These two lines of code which will download and read in the data automatically.

In [1]:
# Import MNIST data
from tensorflow.examples.tutorials.mnist import input_data
mnist = input_data.read_data_sets('MNIST_data', one_hot=True)

  from ._conv import register_converters as _register_converters


Extracting MNIST_data\train-images-idx3-ubyte.gz
Extracting MNIST_data\train-labels-idx1-ubyte.gz
Extracting MNIST_data\t10k-images-idx3-ubyte.gz
Extracting MNIST_data\t10k-labels-idx1-ubyte.gz


Here `mnist` is a lightweight class which stores the training, validation, and testing sets as NumPy arrays. It also provides a function for iterating through data minibatches, which we will use below.

In [2]:
import numpy as np

# The features are already scaled and the data is shuffled
train_features = mnist.train.images
valid_features = mnist.validation.images
test_features = mnist.test.images

train_labels = mnist.train.labels.astype(np.float32)
valid_labels = mnist.validation.labels.astype(np.float32)
test_labels = mnist.test.labels.astype(np.float32)
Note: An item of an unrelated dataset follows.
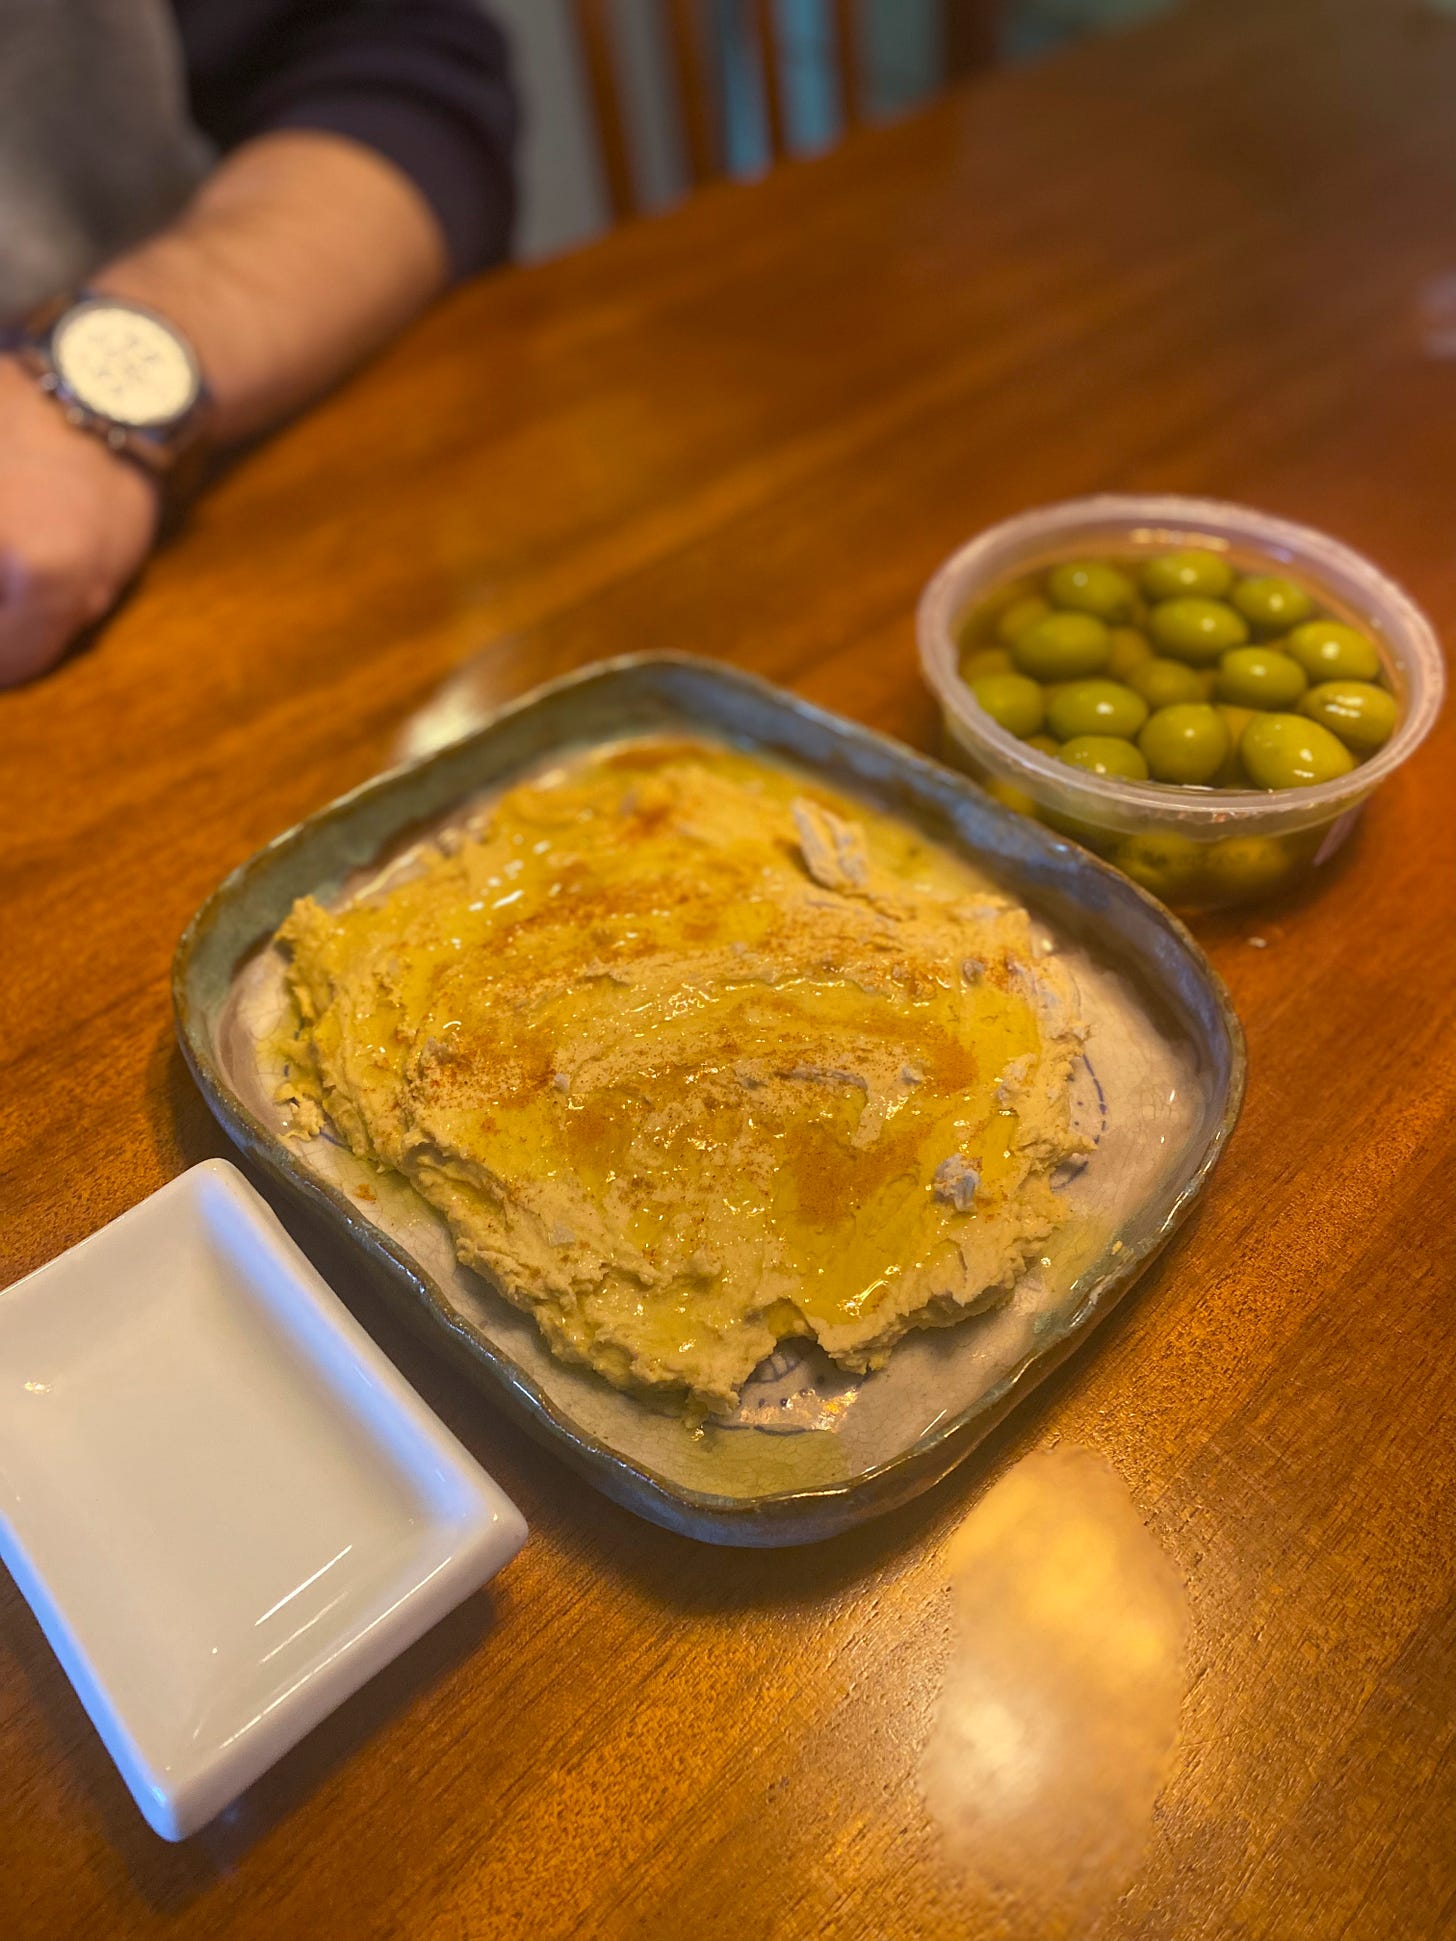 A squarish handmade dish spread with hummus that is covered with olive oil and paprika. On one side of the dish is a container of castelvetrano olives, and on the other side is a small white dish for the pits.

The next step is importing TensorFlow and defining our session. TensorFlow, in a sense, creates a directed acyclic graph (flow chart) which you later feed with data and run in a session

In [3]:
import tensorflow as tf

Next, we set our hyperparameters. This is basically an iterative process and we experiment with different parameter values. We select the values depending on the final performance of our model.

In [4]:
# set the hyperparameters
learning_rate = 0.001
batch_size = 128
epochs = 10
model_path = "/checkpoints/model.ckpt"

# network parameters
# number of nodes in first hidden layer
n_hidden_1 = 256
# number of nodes in second hidden layer
n_hidden_2 = 256

n_input = 784 # MNIST data input (img shape: 28x28)
n_classes = 10 # MNIST total classes (0-9 digits)

We start building the computation graph by creating nodes for the input images and target output classes.

In [6]:
# tf Graph input
x = tf.placeholder("float", [None, n_input])
y = tf.placeholder("float", [None, n_classes])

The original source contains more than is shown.